Background: In Europe and North America, Parkinson's disease is the major form of parkinsonism; less than 4% of cases are progressive supranuclear palsy (PSP) and about 20% are atypical parkinsonism. The distribution of these subgroups is different in the French West Indies. We aimed to define the clinical and demographic specificity of these disorders in Guadeloupe and to investigate a postulated link with consumption of herbal tea and fruits from the Annonaceae family (Annona muricata and Annona squamosa), which contain neurotoxic benzyltetrahydroisoquinoline alkaloids.
Methods: Between September, 1996, and August, 1998, 87 consecutive patients with parkinsonism were referred to the single neurological department in Guadeloupe. After detailed clinical, neurophysiological, cognitive, and neuroradiological assessment, they were classified by generally accepted criteria as having Parkinson's disease, PSP, or atypical parkinsonism. We compared the amount of tropical fruits and herbal tea consumed by the various parkinsonian subgroups and by frequency-matched controls (patients with benign symptoms and no neurodegenerative disease).

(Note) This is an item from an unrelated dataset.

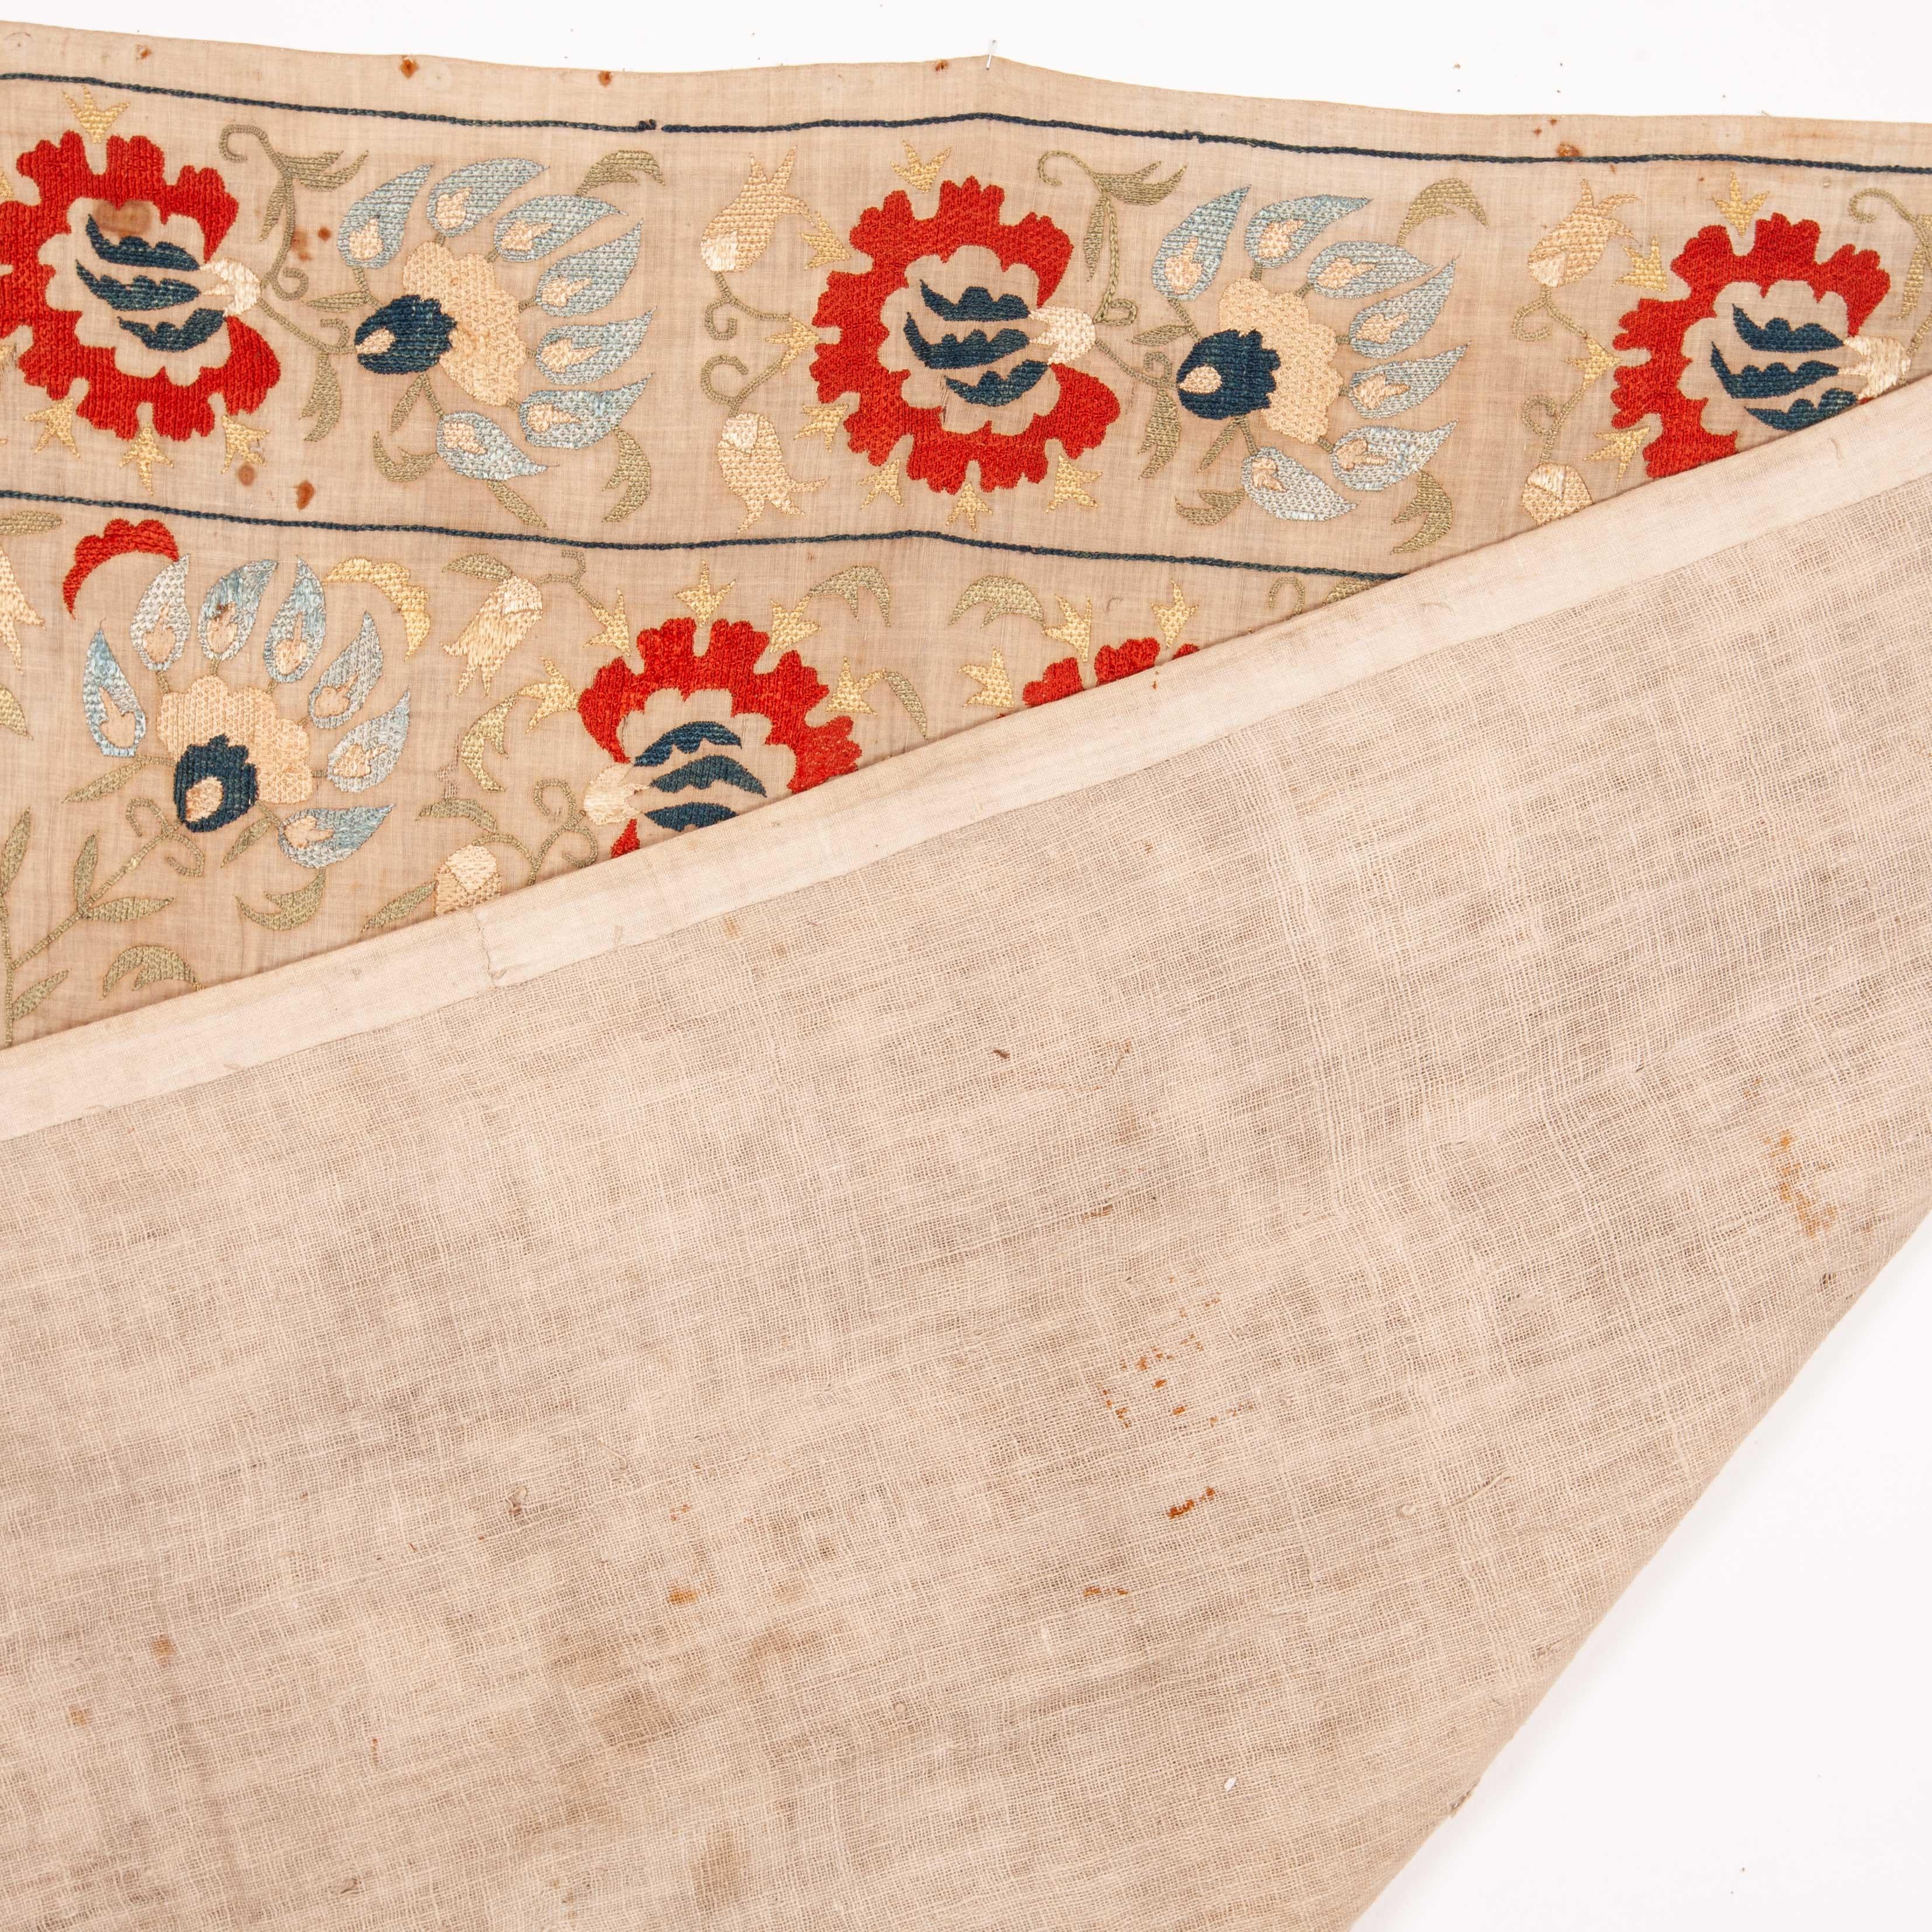 Hand-Woven Ottoman Turkish Bokhce 'Wrapping Cloth', Early 19th Century

Findings: Of the 87 patients, 22 had Parkinson's disease, 31 had PSP, 30 had atypical parkinsonism, and four had atypical parkinsonism associated with motor neuron disease, 44 of the patients with PSP or atypical parkinsonism were male. The patients with atypical parkinsonism had symmetrical rigidity and bradykinesia, and no levodopa peak-dose dyskinesias. Patients with PSP differed from those with atypical parkinsonism because they had supranuclear vertical down-gaze palsy, severe gait and balance problems, and frontal-lobe syndrome. 29 patients with PSP reported regular consumption of pawpaw fruit, and 26 drank herbal tea. 30 patients with atypical parkinsonism reported regular consumption of pawpaw fruit, and 24 drank herbal tea. Both of these groups consumed significantly more fruit and herbal tea than patients with Parkinson's disease (fruit: odds ratio 23.6; herbal tea: 28.2); and controls (fruit: 20.7; herbal tea: 6.48).

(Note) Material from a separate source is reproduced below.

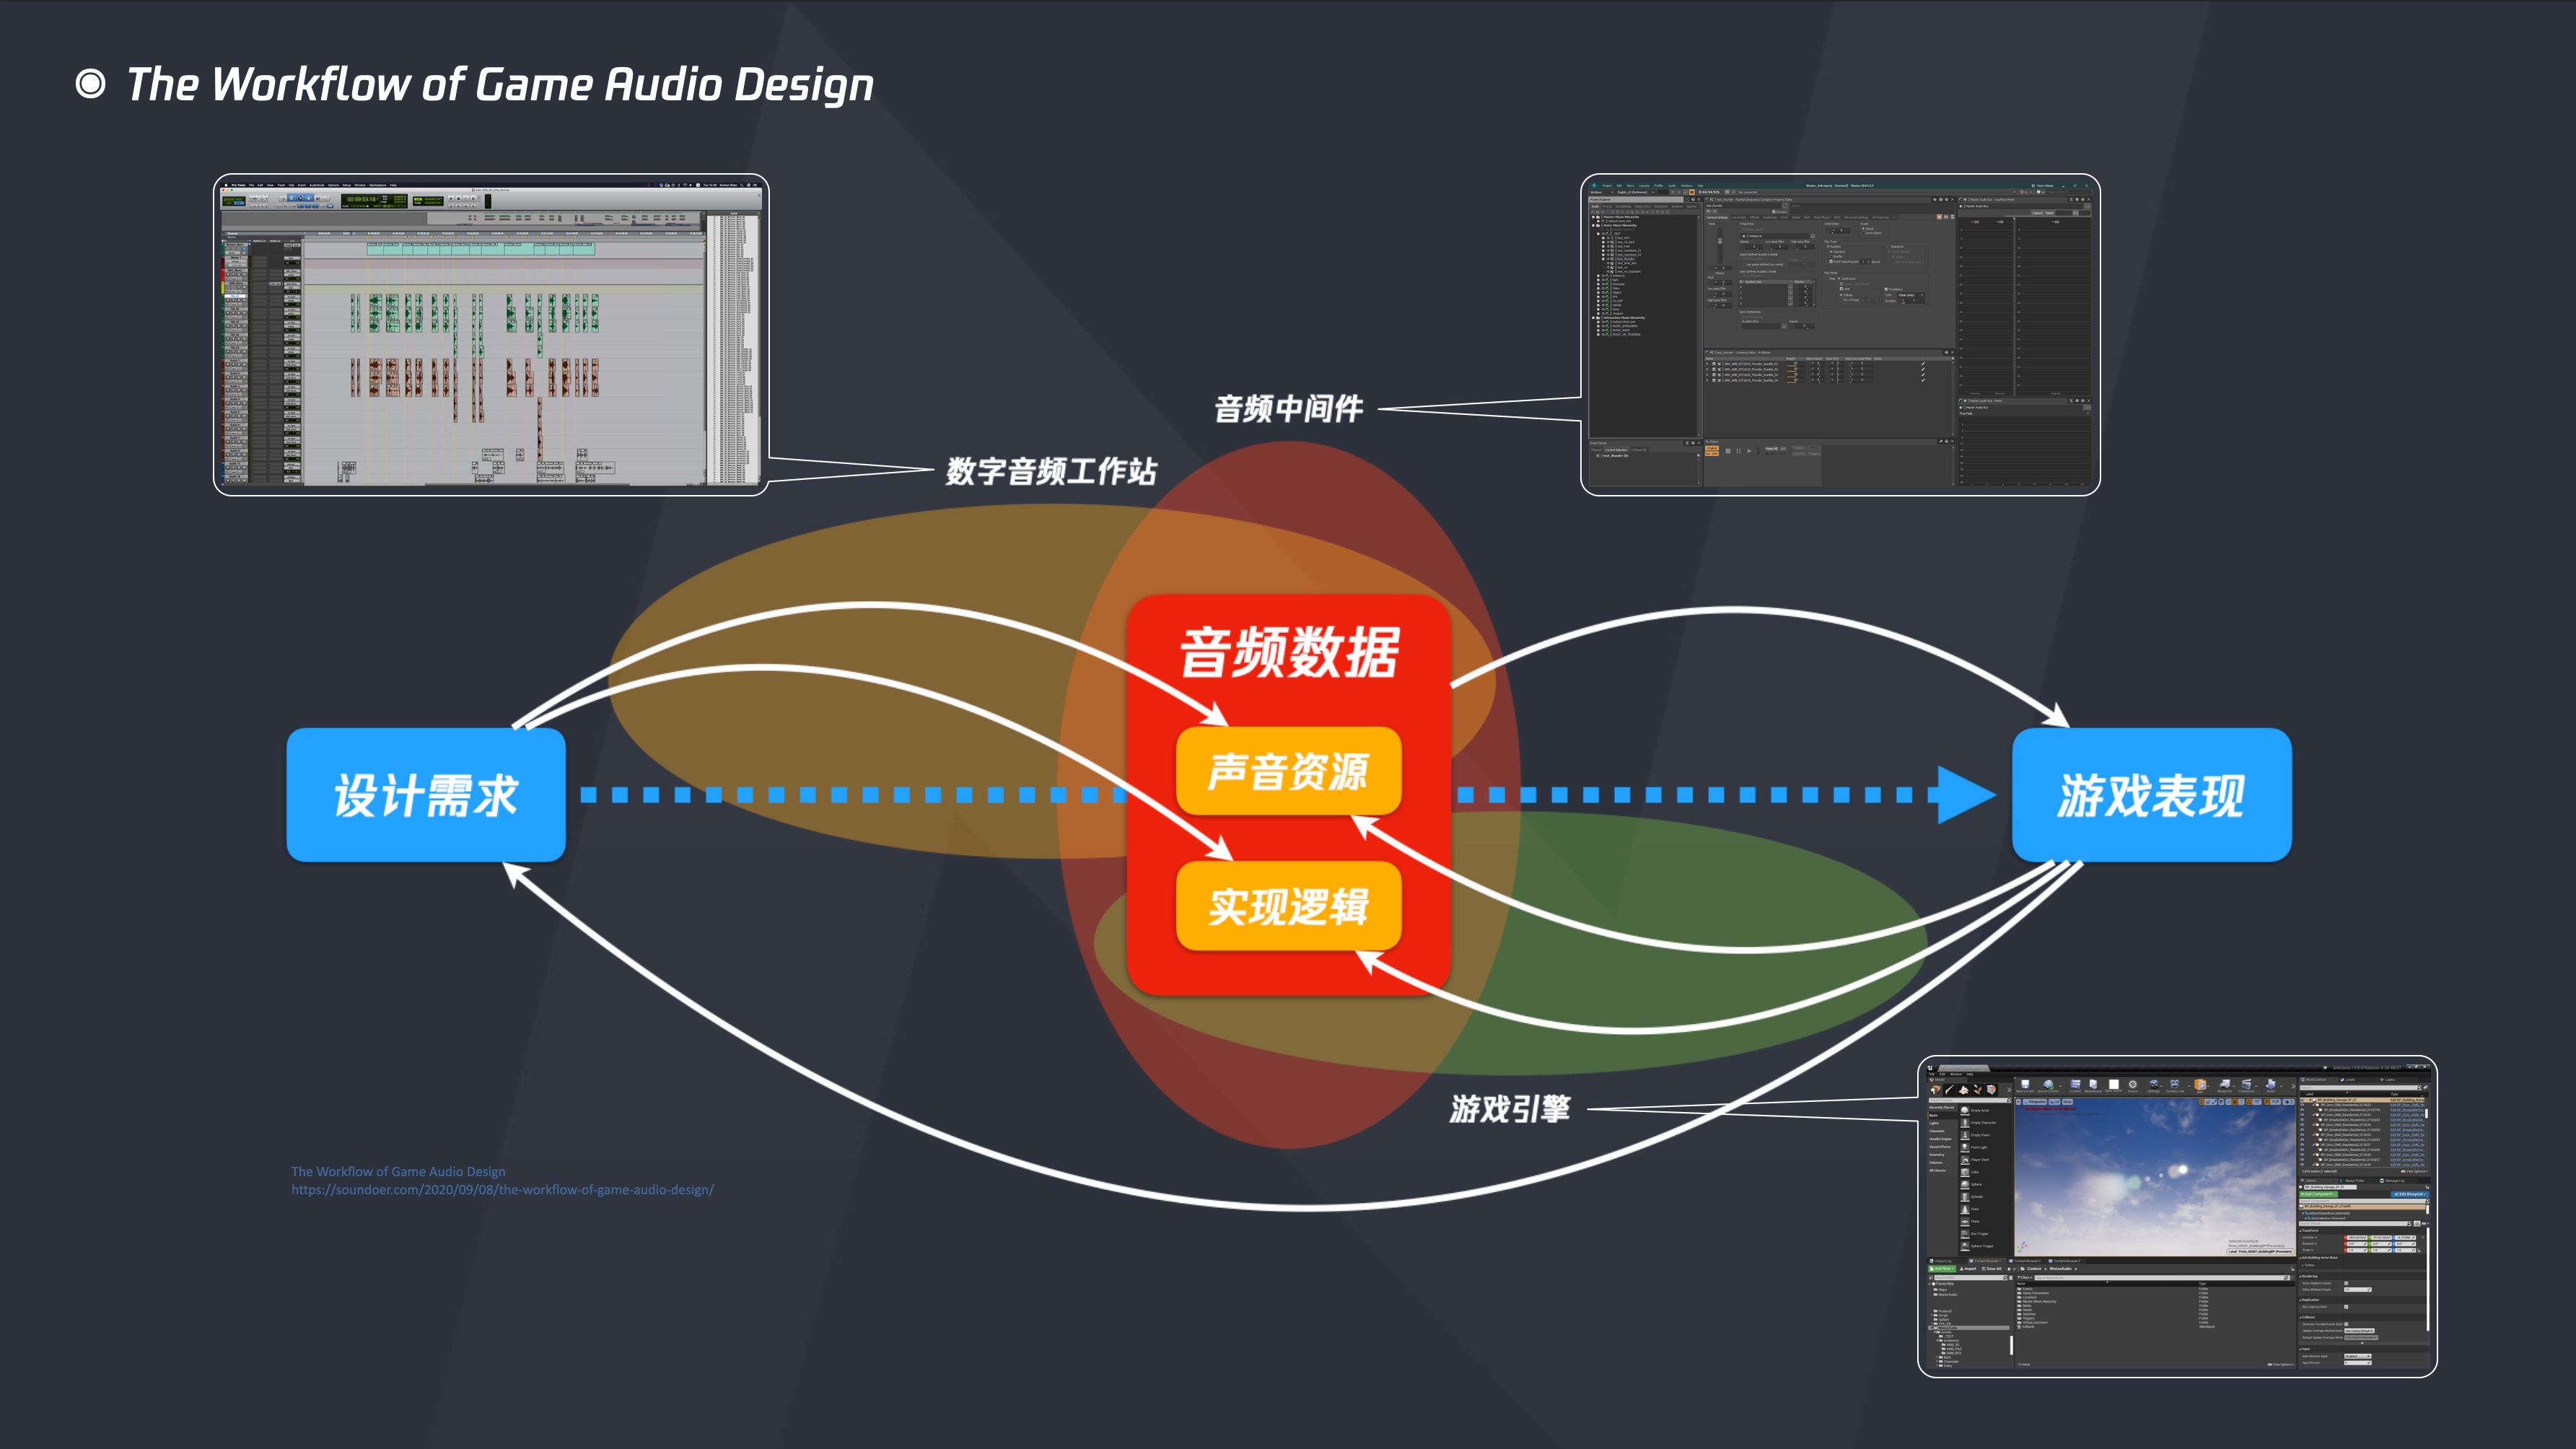 The Workflow of Game Audio Design

Interpretation: Our study confirms the over-representation of atypical parkinsonism and PSP in patients with parkinsonism in the French West Indies. Chronic exposure to neurotoxic alkaloids could be an important aetiological factor because these compounds induce parkinsonism in animals. A larger epidemiological study, to clarify the link between these fruits with atypical parkinsonism and PSP, is proposed.